[Improvement]: The optimizer adds a cache of eq delete files to reduce repeated IO cost of eq delete files #2553

zhongqishang · 2024-02-18T08:01:13Z

Search before asking

I have searched in the issues and found no similar issues.

What would you like to be improved?

For large tables written by Flink, each commit will submit an EQ DELETE file associated with all previous data files. Most of the generated optimize tasks will repeatedly read this EQ DELETE file, causing duplicate IO cost.

How should we improve?

Each JVM(taskmanager, executor) in the Optimizer generates a Cache to cache the EQ DELETE File.

Are you willing to submit PR?

Yes I am willing to submit a PR!

Subtasks

No response

Code of Conduct

I agree to follow this project's Code of Conduct

zhoujinsong · 2024-02-19T07:48:57Z

Hi, it is a good idea to cache the delete file data.
However, before proceeding with the actual implementation, we may need to clarify some details like:

Do we only cache data for equality-deleted files?
How to limit the size of the cache?
What kind of cache eviction strategy to use?
When allocating tasks in AMS, is it necessary to consider cache hits?

zhoujinsong · 2024-02-19T07:56:52Z

IMO,

Do we only cache data for equality-deleted files?

Yes, the position delete files only match limited insert files, so it seems to be unnecessary to cache them for now.

How to limit the size of the cache?

If we cannot fully cache a delete file, the cache will be ineffective. To better protect memory and cache as many files as possible, we may only want to cache delete files that are relatively small in size. Additionally, for delete files that are too large, they are now filtered during reading using the bloom filter of insert files, and they are not suitable for caching either.
Besides, we should add a configuration to control the maximum size of the cache, preferably in bytes.

What kind of cache eviction strategy to use?

LRU seems to be good enough.

When allocating tasks in AMS, is it necessary to consider cache hits?

Considering cache hits during scheduling can better utilize the cache. However, initially, we can overlook this and consider adding this optimization later.

zhongqishang · 2024-02-19T09:28:11Z

Thanks for your reminder on the details.

The idea is from Iceberg community, Introduced delete file cache in PR #8755 for spark executors.

IMO,

Do we only cache data for equality-deleted files?

Yes, the position delete files only match limited insert files, so it seems to be unnecessary to cache them for now.

Yes.

How to limit the size of the cache?

If we cannot fully cache a delete file, the cache will be ineffective. To better protect memory and cache as many files as possible, we may only want to cache delete files that are relatively small in size. Additionally, for delete files that are too large, they are now filtered during reading using the bloom filter of insert files, and they are not suitable for caching either. Besides, we should add a configuration to control the maximum size of the cache, preferably in bytes.
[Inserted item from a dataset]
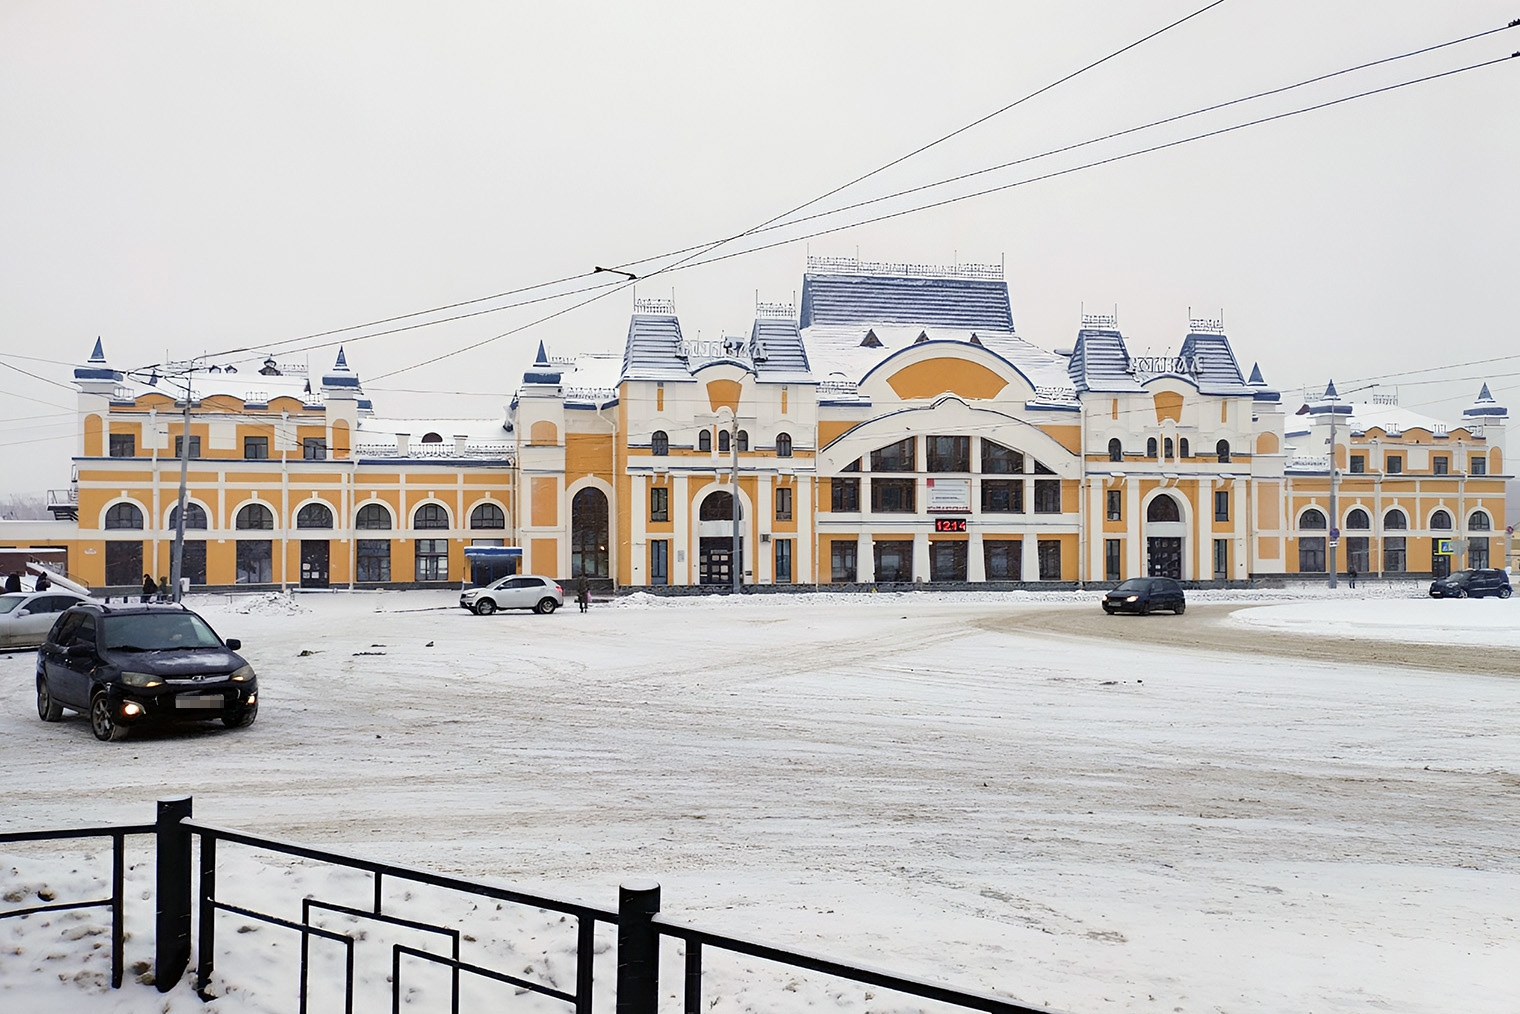 Вокзал Томск⁠-⁠1 — вполне приятное место как снаружи, так и внутри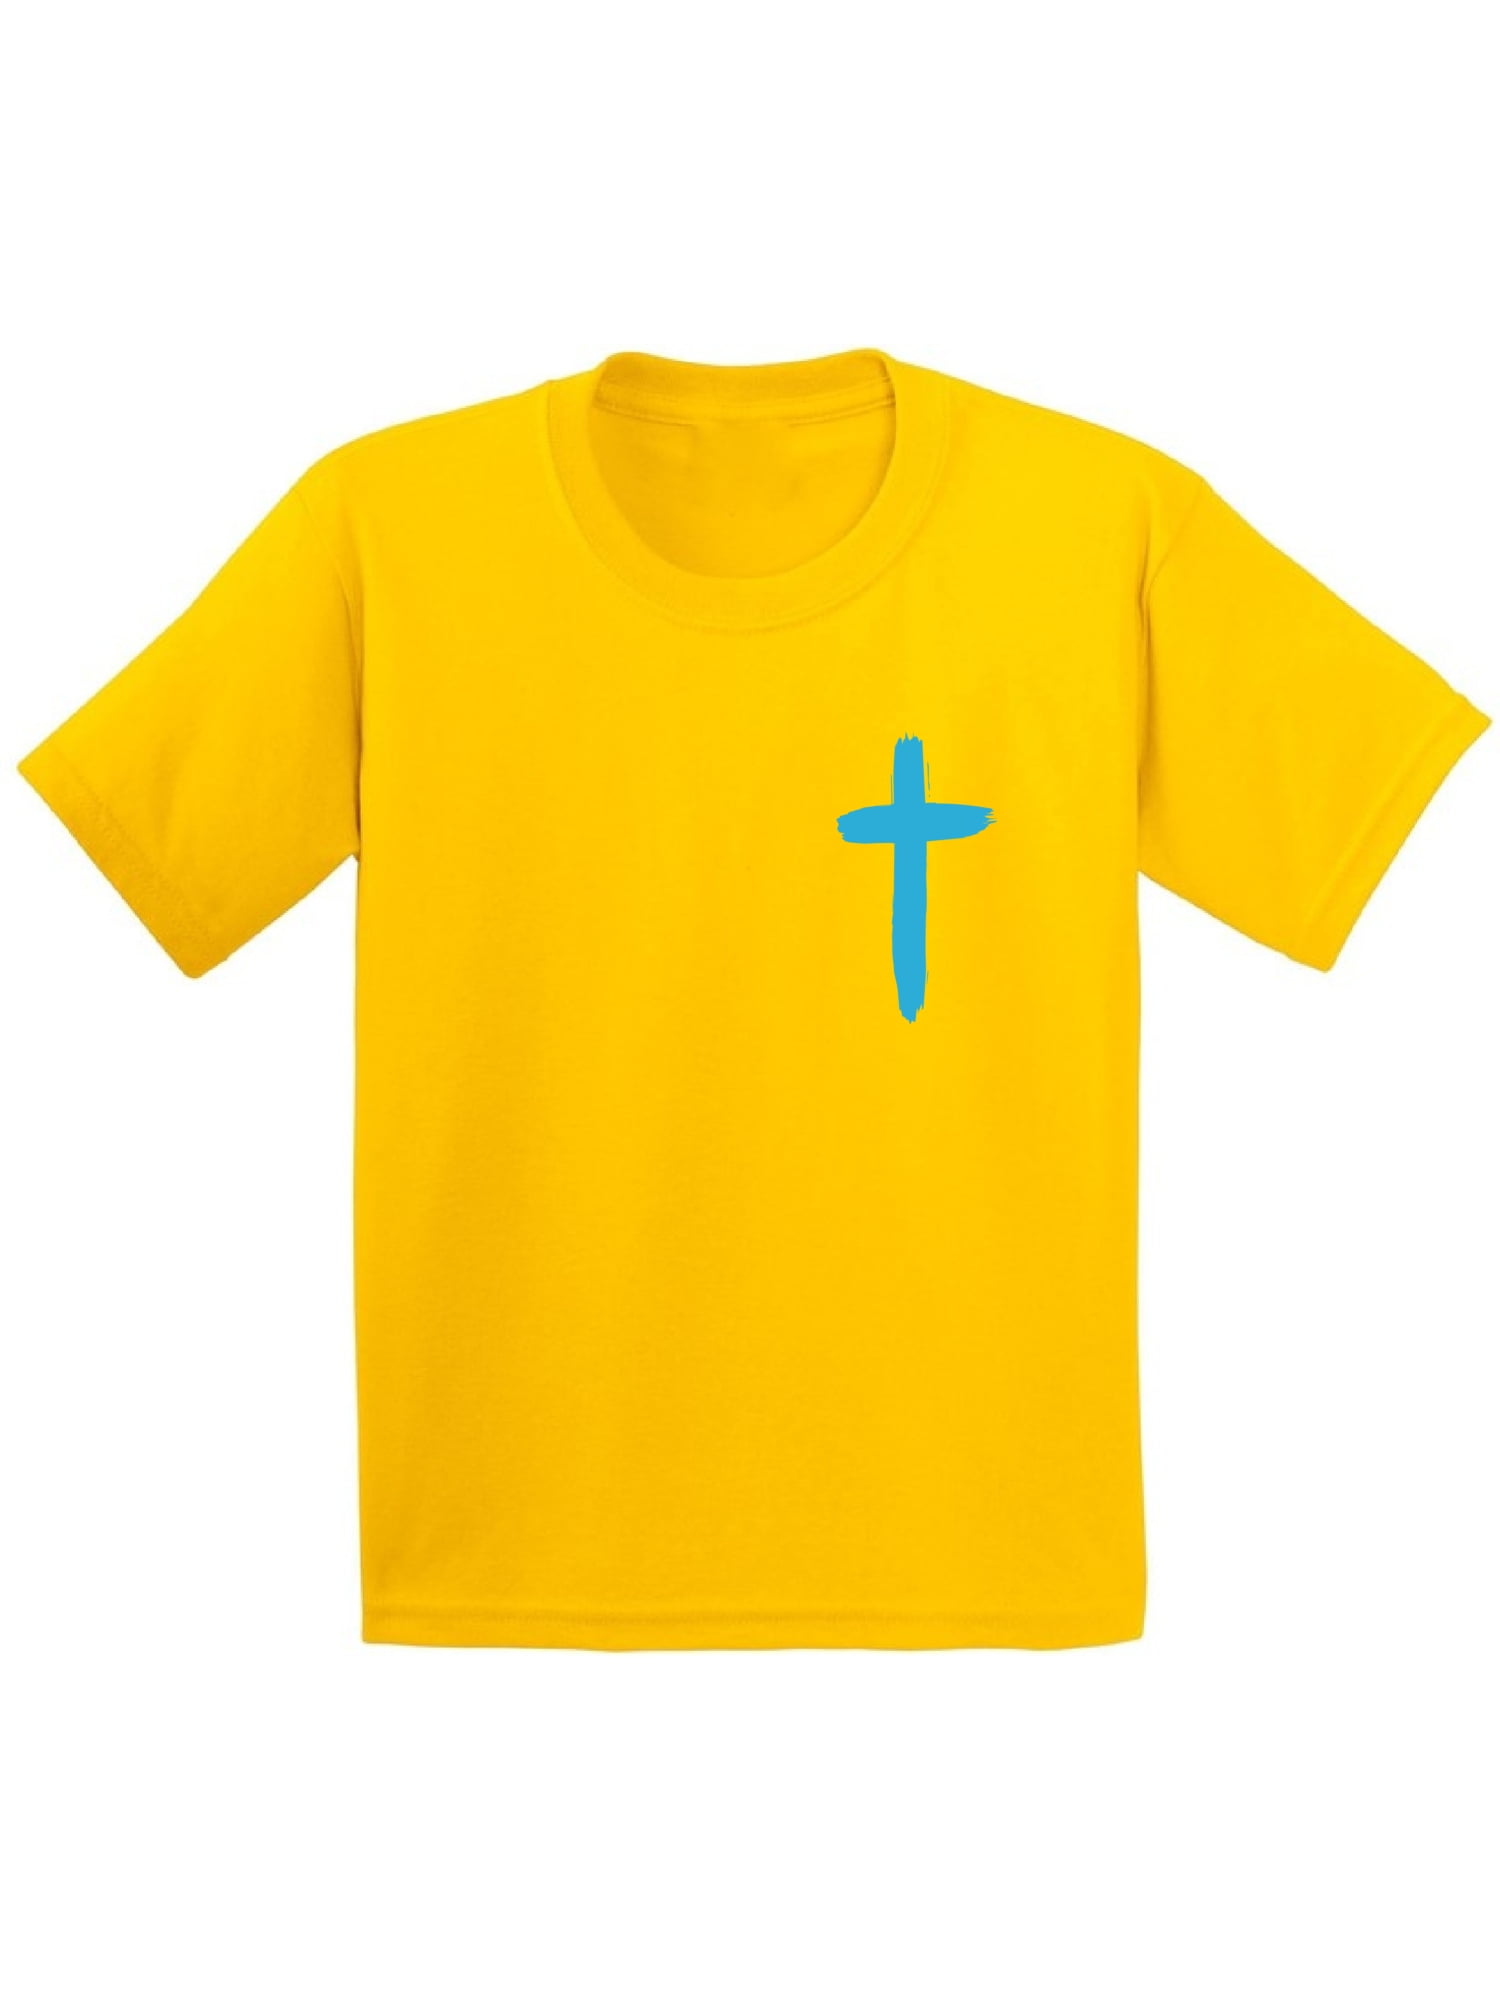 Awkward Styles Blue Cross Youth Shirt Christian T Shirt for Boys ...

Iceberg community imported spark.sql.iceberg.executor-cache.max-total-size to limit memory usage.
The cache is mainly on the Optimizer side, we can add a parameter, like -msz, which requires an upper limit on memory usage to stabilize the operation of the optimizer.

For the part using the bloom filter, we might be able to skip caching.

What kind of cache eviction strategy to use?

LRU seems to be good enough.

How about LRU + active expiration (when optimizer table changed)?

When allocating tasks in AMS, is it necessary to consider cache hits?

Considering cache hits during scheduling can better utilize the cache. However, initially, we can overlook this and consider adding this optimization later.

I also think configuring it on the optimizer side at first is enough.

zhoujinsong · 2024-02-19T09:38:42Z

@zhongqishang Thank you for providing detailed information on specific improvements to the Iceberg project. I'm delighted to see that this improvement has been merged into the Iceberg Spark connector.

How about LRU + active expiration (when optimizer table changed)?

I understand your point that if the executor thread switches to a new process, it can evict the existing cache. This seems like a good strategy, but it requires AMS to always schedule tasks for a process together, which is currently the case. However, it seems difficult to determine the timing of switching to a new process in situations like multiple threads sharing a JVM environment.

majin1102 · 2024-03-25T18:54:04Z

This feature would quite benefit for Spark because cache could be shared among tasks in a single executor(which would not previously), and tasks here are belonged to one task type.

This situation is not guaranteed in Amoro, this feature may have some influences on process and task scheduler

zhongqishang · 2024-03-27T08:56:39Z

@majin1102 Thanks for your reply.

I just want to cover some tables with many data files. The newly added eq files will all be associated. The eq delete in the optimizer will read the number of tasks repeatedly because Optimizer concurrency will be much smaller than the number of data files. If we cache it, we will speed up the merge and reduce the IO cost of the eq file.

There will be some adverse effects on tables that are not in this scenario, because cache will involve the materialization of eq delete data. Like @zhoujinsong said, we can consider cache hits during scheduling to avoid unnecessary effect.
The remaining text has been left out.